__What is expected__: From the first line to the last, copy the material exactly and leave the pictures out.

__Data excerpt__:

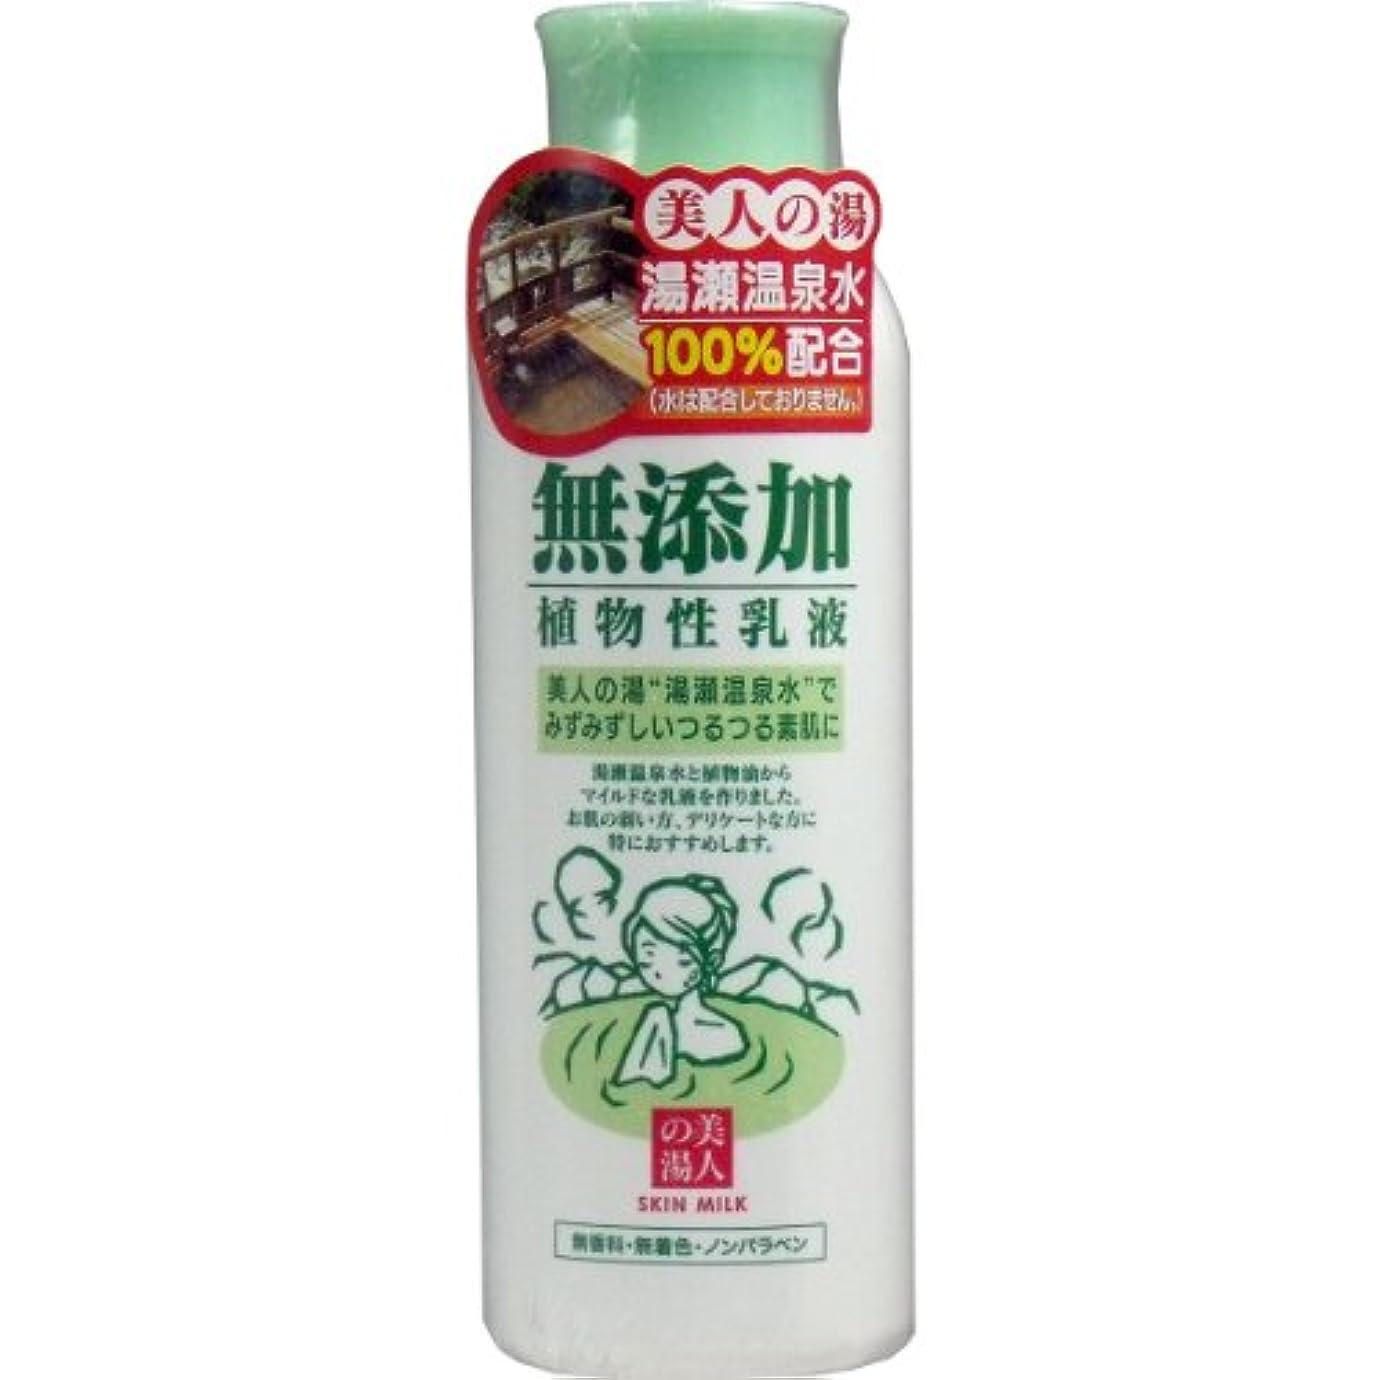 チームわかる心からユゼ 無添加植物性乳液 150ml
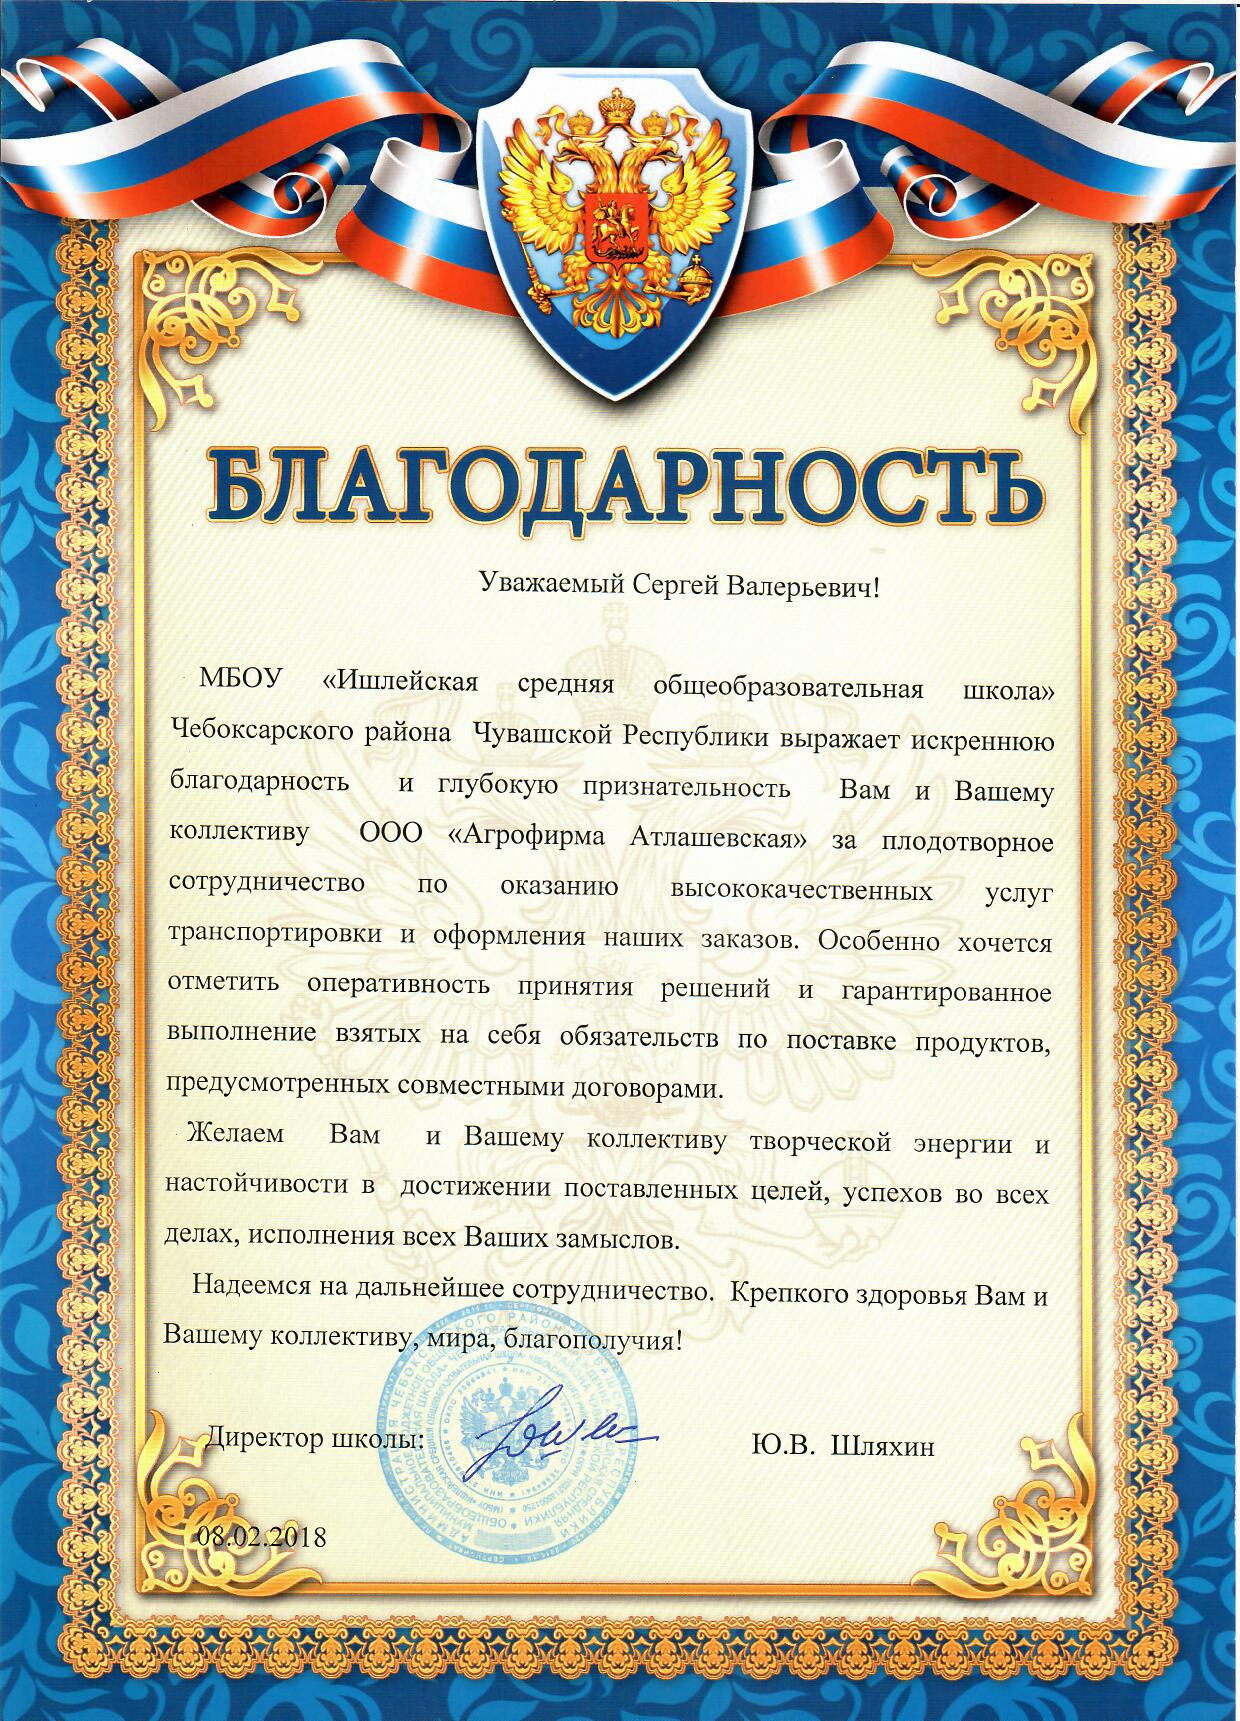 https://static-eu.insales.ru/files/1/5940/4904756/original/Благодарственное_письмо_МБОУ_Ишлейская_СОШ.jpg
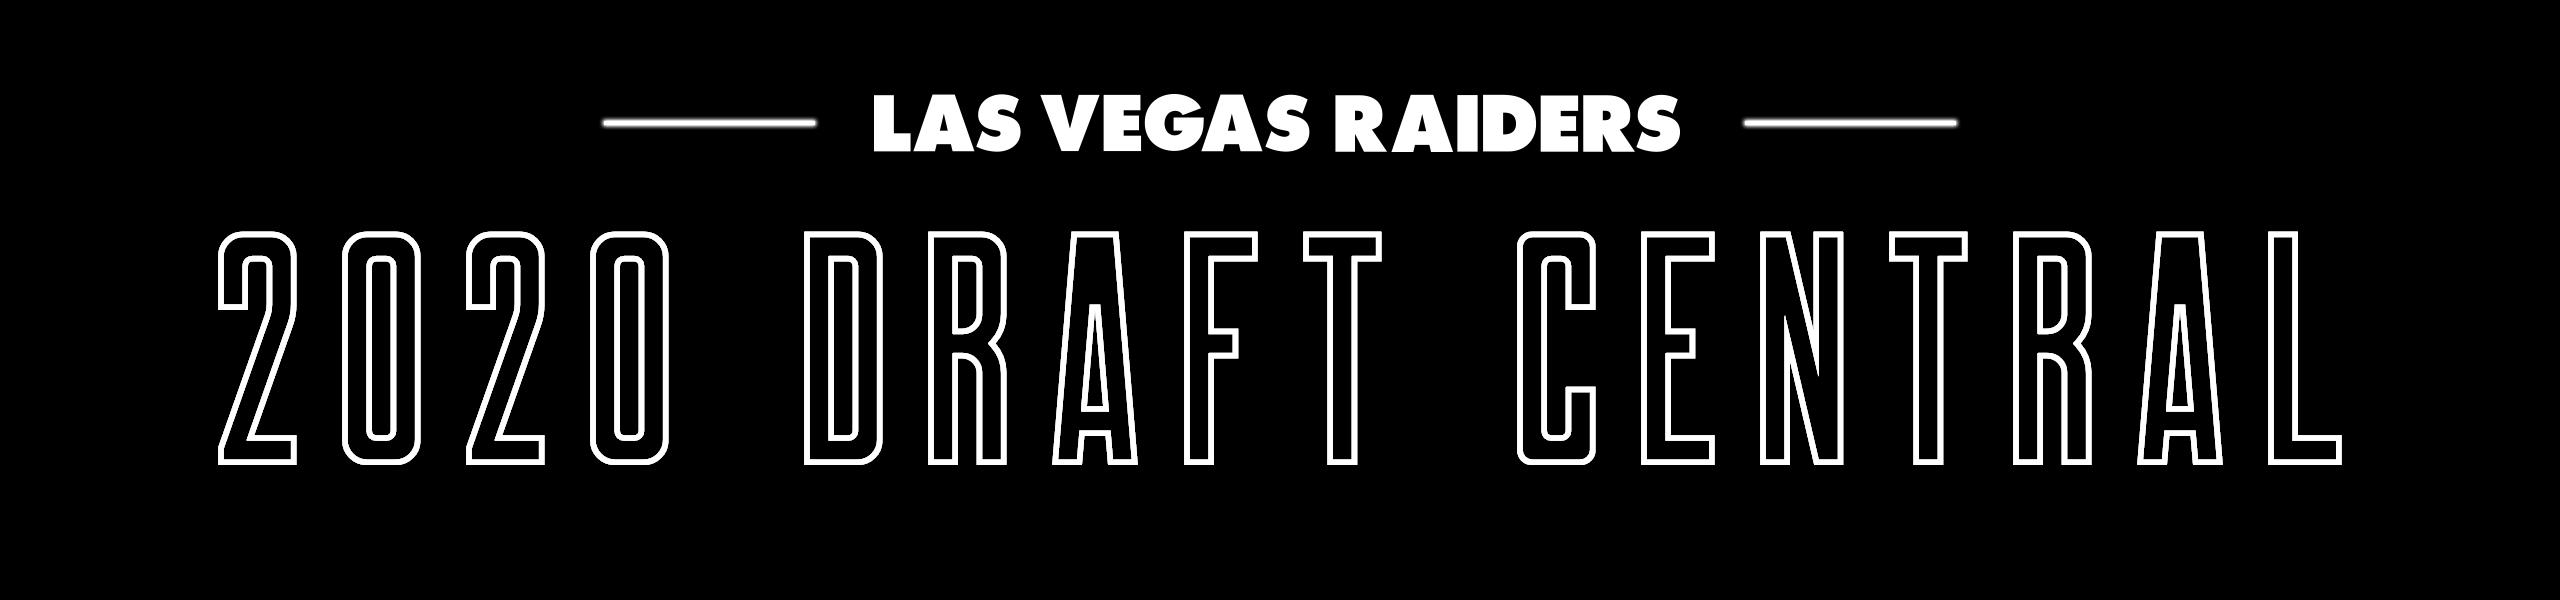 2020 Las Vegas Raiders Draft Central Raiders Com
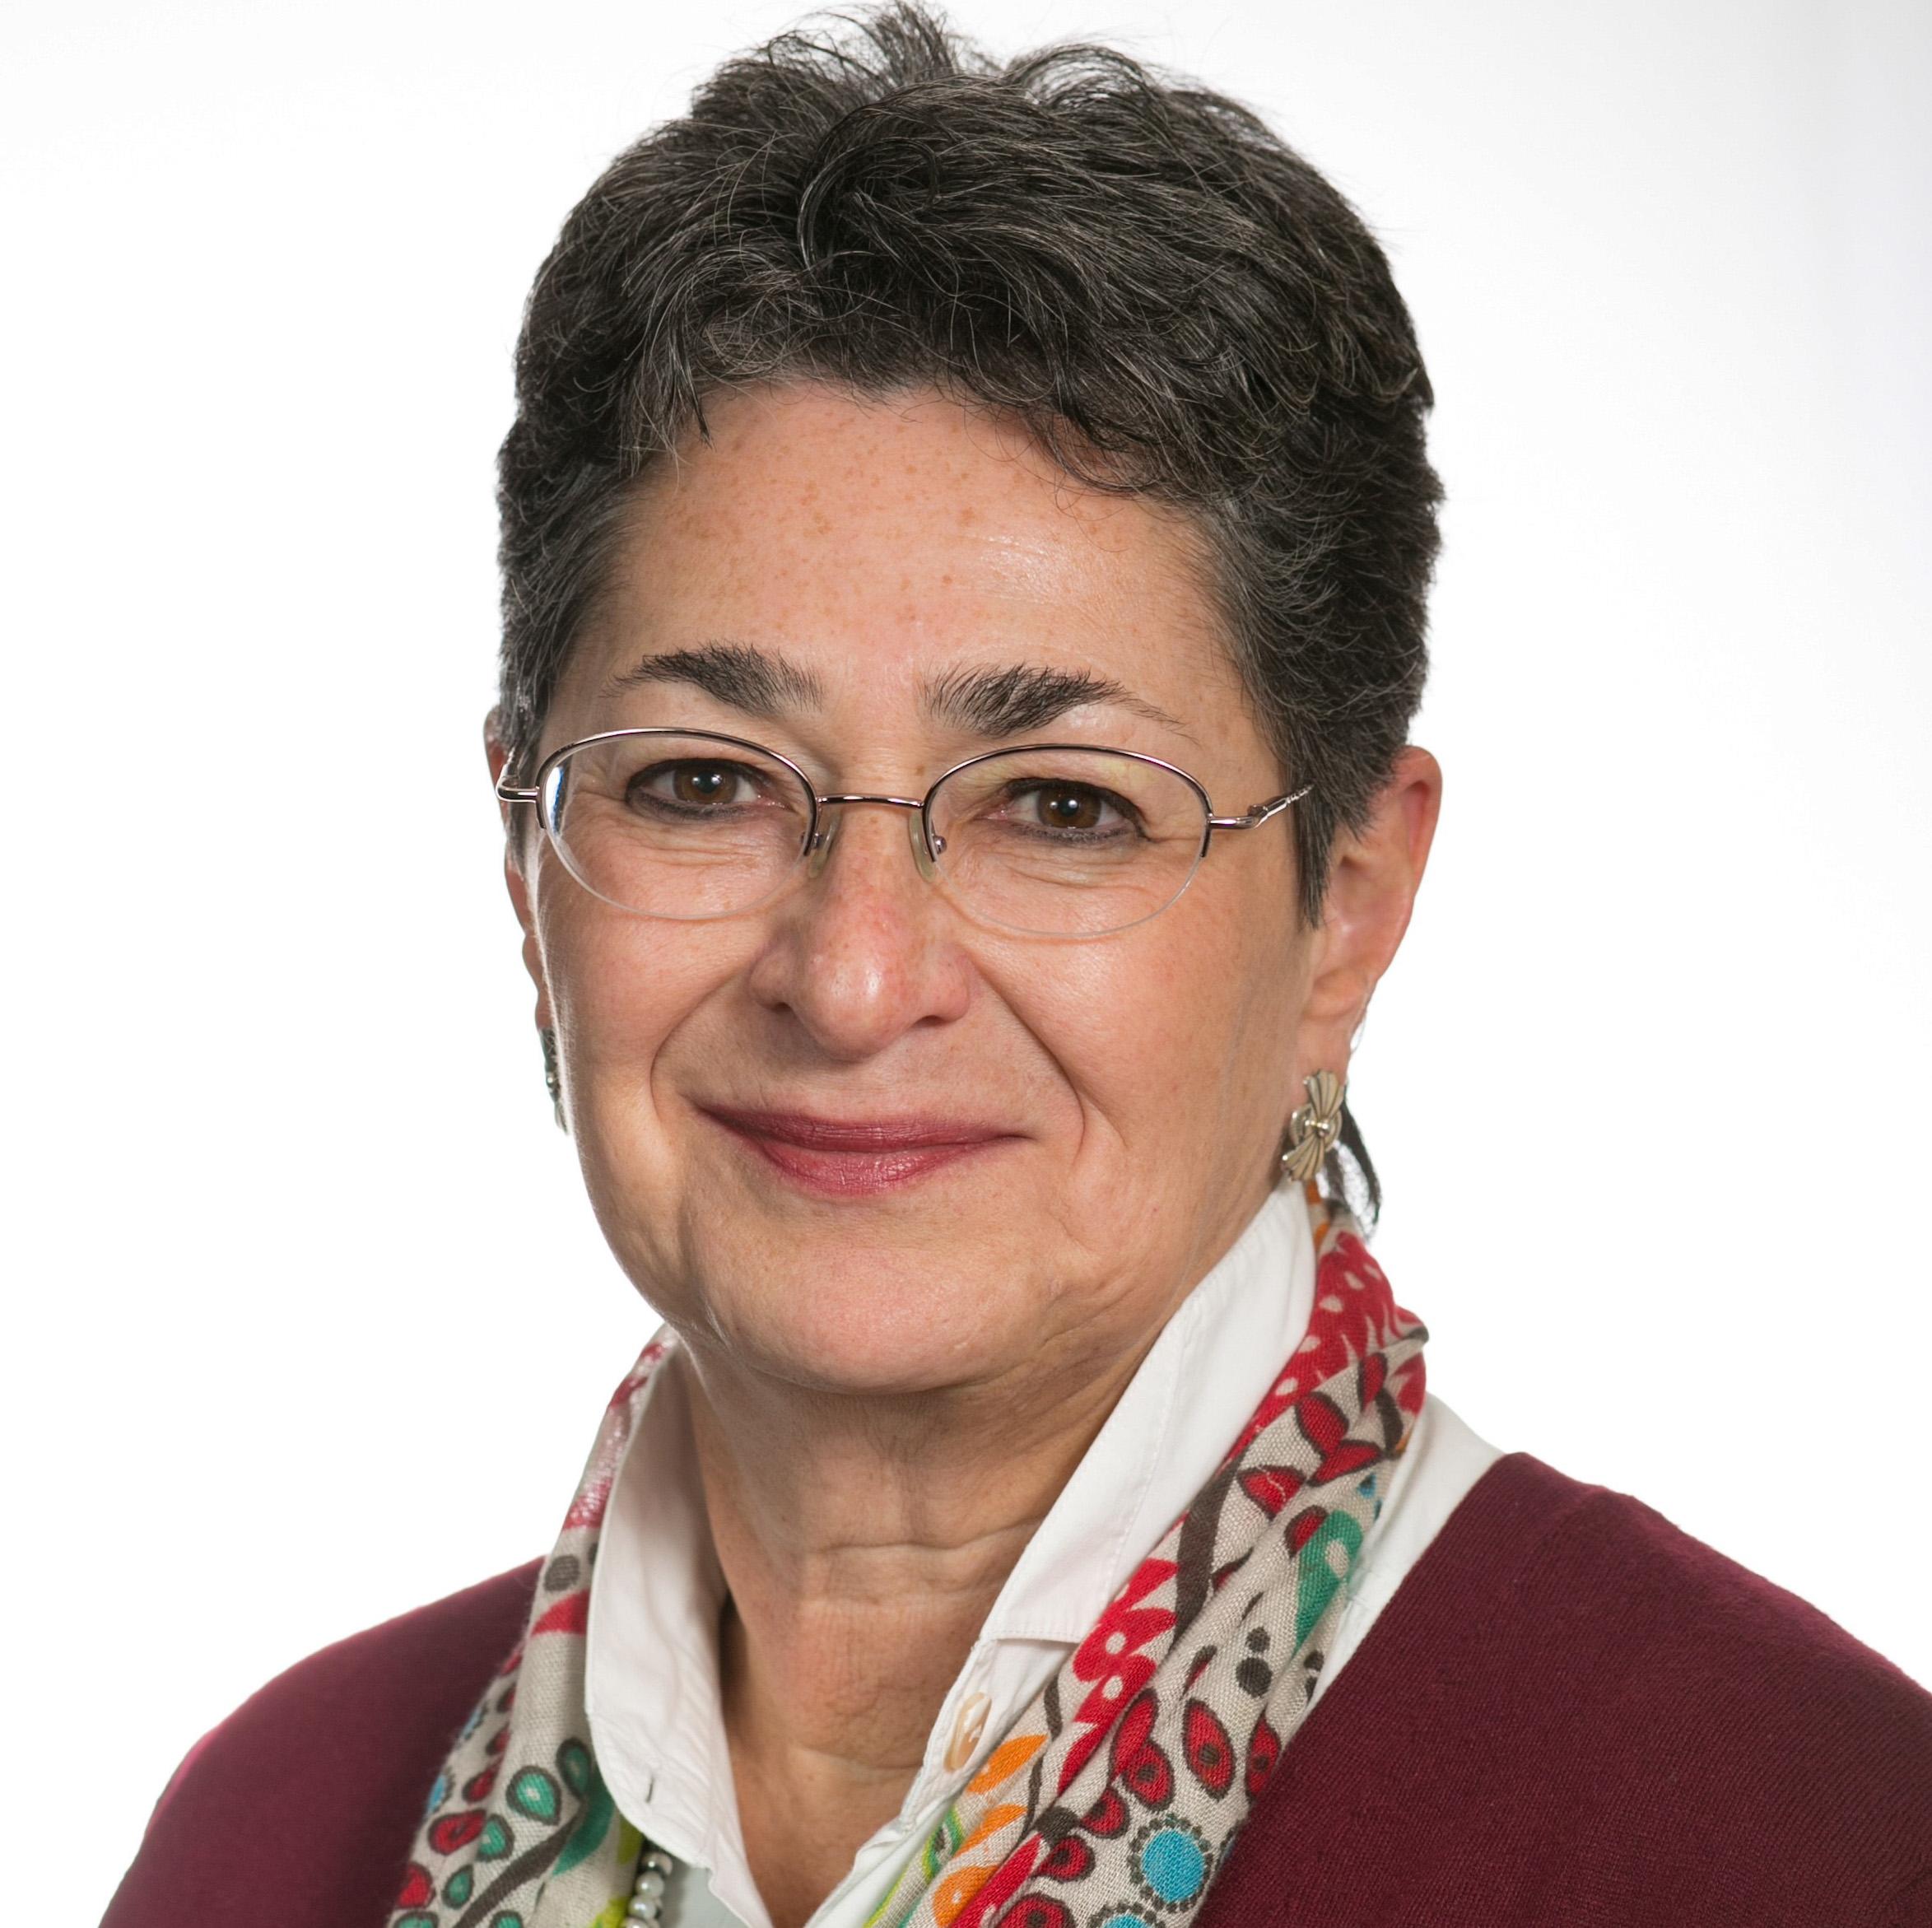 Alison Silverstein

__Exercise result__:
 チームわかる心からユゼ 無添加植物性乳液 150ml
 https://static-eu.insales.ru/files/1/5940/4904756/original/Благодарственное_письмо_МБОУ_Ишлейская_СОШ.jpg
 2020 Las Vegas Raiders Draft Central Raiders Com
 Alison Silverstein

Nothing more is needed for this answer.